The Golden Triangle between Laos, Myanmar and Thailand is a hub of heroin production and money laundering. Image by Frank Overzier, License: Creative Commons

According to the United Nations (UN), the stablecoin Tether (USDT) has established itself as one of the preferred channels for money launderers in Southeast Asia.

A detailed UN report describes current developments in money laundering in the Mekong region around China, Cambodia, Myanmar, Thailand, Laos and Vietnam. This region has long been known as a money laundering center, but has apparently expanded its position even further in recent years.

First of all, the corona pandemic has made it more difficult to smuggle cash across borders. This initially led to a decline in classic dollar smuggling. But it forced the money laundering industry to innovate, making it stronger today than it was before Corona. There is now a dizzying array of sophisticated methods for concealing the flow of money. Even experts find it difficult to keep track of things, and the report shows concern about losing control completely.

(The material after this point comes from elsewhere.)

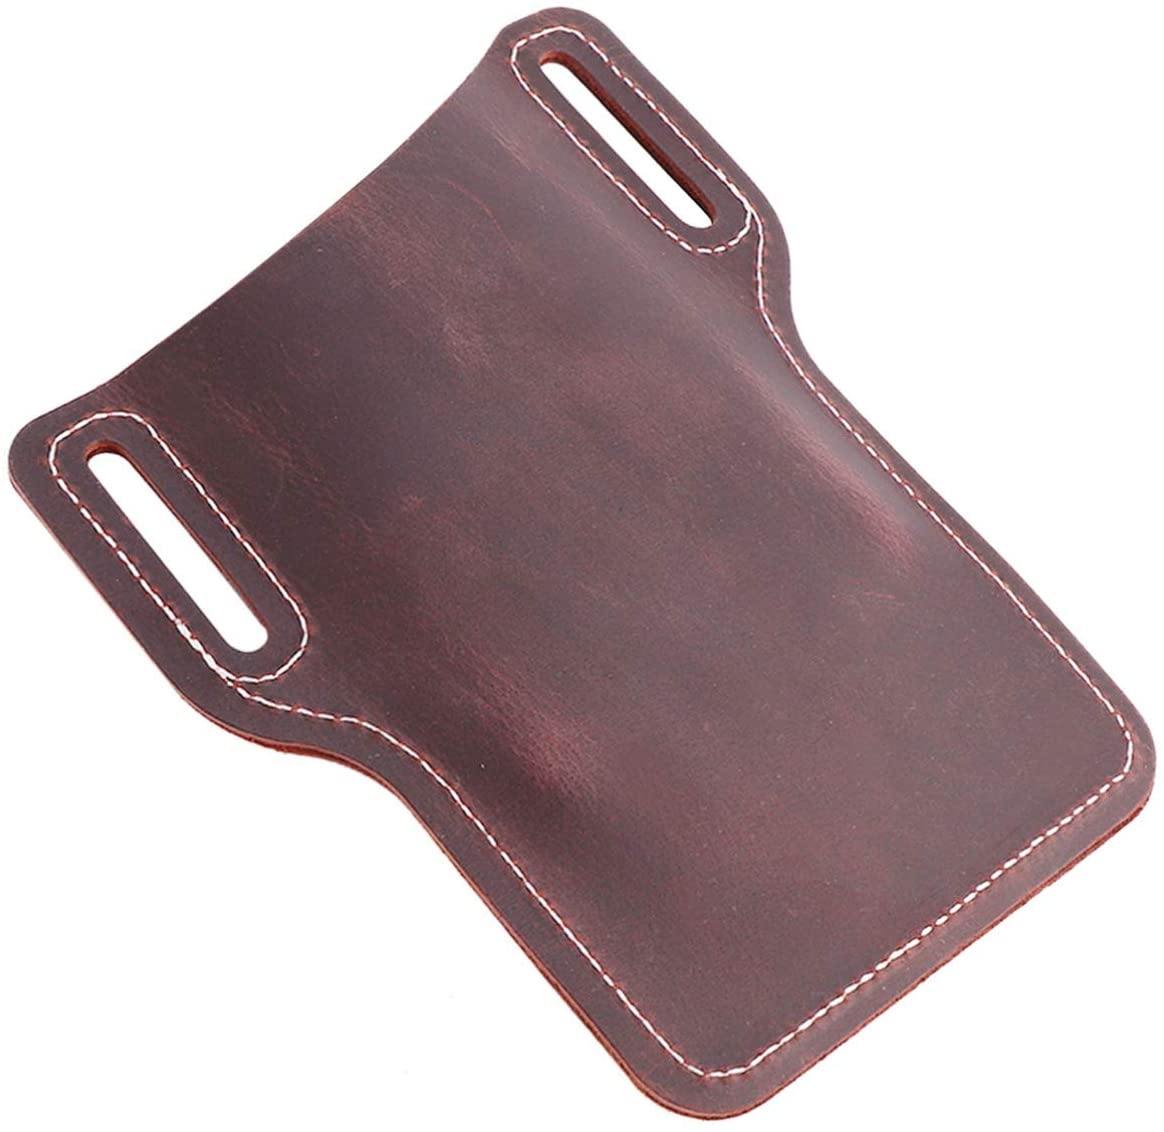 Phone Leather Case Belt Holster for Mobile Phone Protection iPhone Samsung EDC Sheath Pouch Men Handmade Leather Waist Dark Brown - Silipac
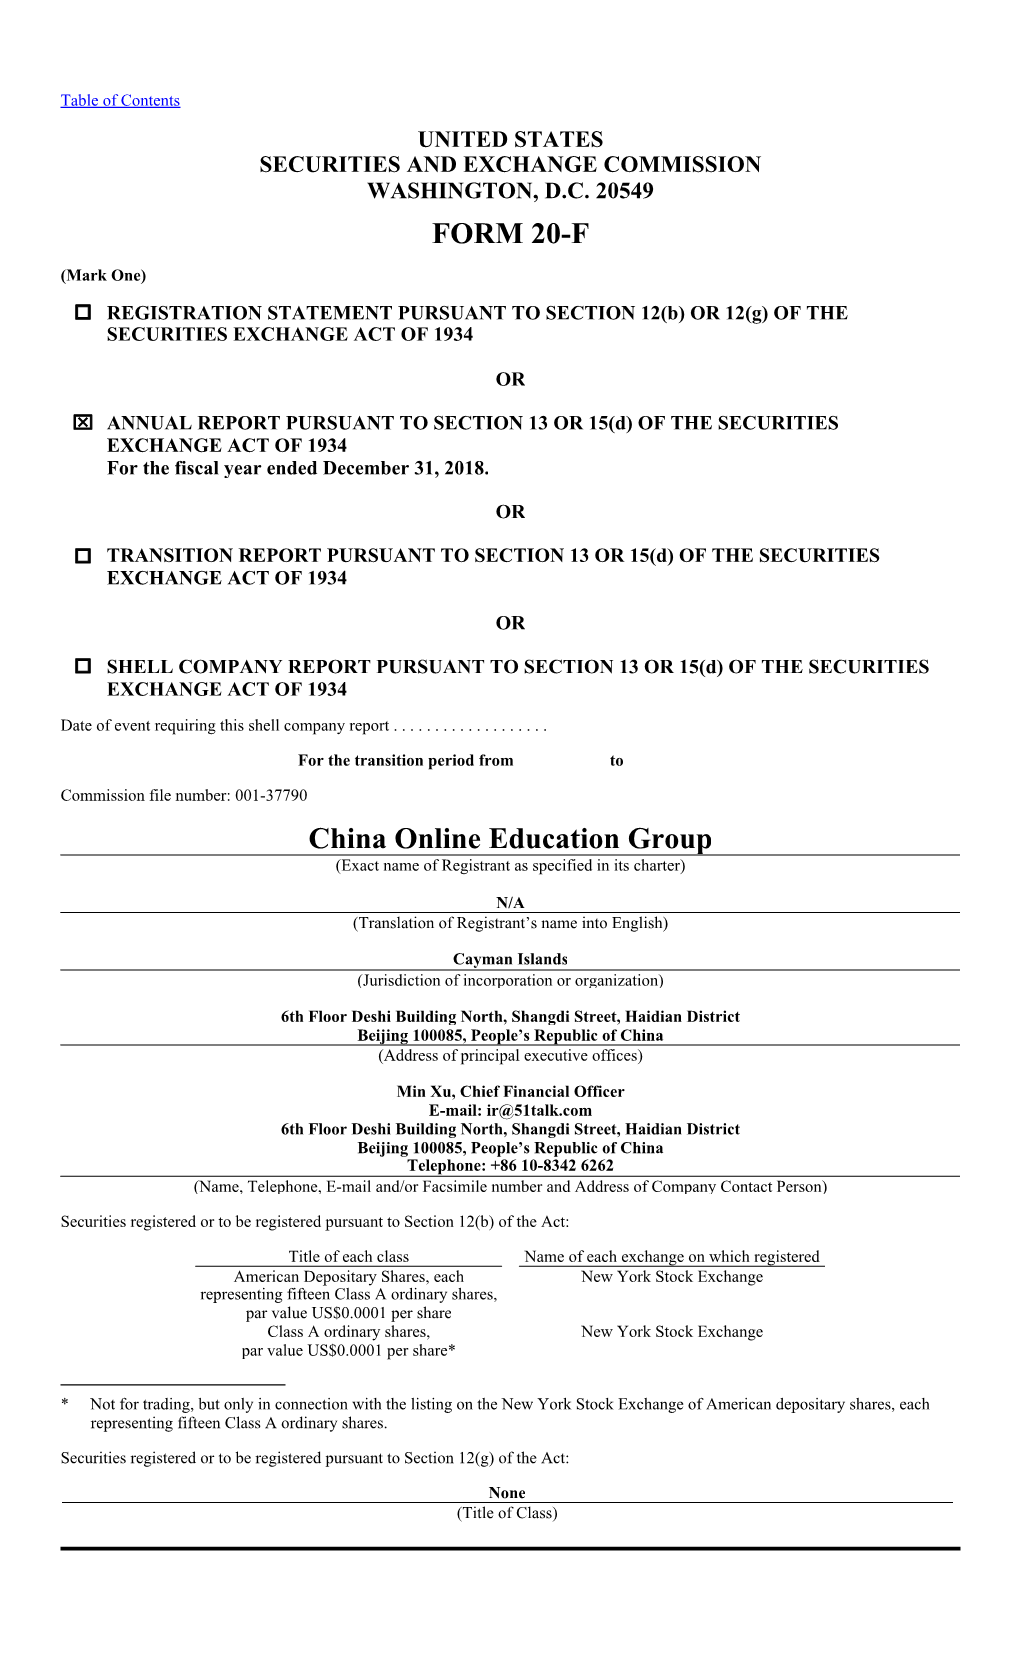 FORM 20-F China Online Education Group

The mainstays of this ecosystem are casinos and now crypto exchanges. They are able to “move and launder massive volumes of fiat and cryptocurrency; they create channels to efficiently integrate billions in criminal proceeds into the formal banking system.” According to the UN’s Jeremy Douglas, “little or unregulated online casinos, along with crypto, have turbocharged the region’s criminal ecosystem.”

The Mekong Basin.

The most important cryptocurrency is not Bitcoin, as was long predicted, but Tether (USDT). The stablecoin has stable value and can be transferred on the Tron blockchain quickly, cheaply and, above all, KYC-free. Apparently, Tether is about to take over the role of dollar bills in money laundering – the single currency of global organized crime. This would be one of the types of killer crypto apps that no one really wanted.

Authorities and investigators are finding it difficult to determine the true volume of money laundering in the region and with Tether. The ecosystem is too interconnected for this, while the methods develop too quickly.

But there are several strong indications: More and more unlicensed online casinos are also offering USDT-related services, such as anonymous exchange. Furthermore, prosecutors are increasingly coming across so-called “motorcade” teams that specialize in exchanging fiat money for Tether by routing the money through multiple bank accounts and crypto exchanges.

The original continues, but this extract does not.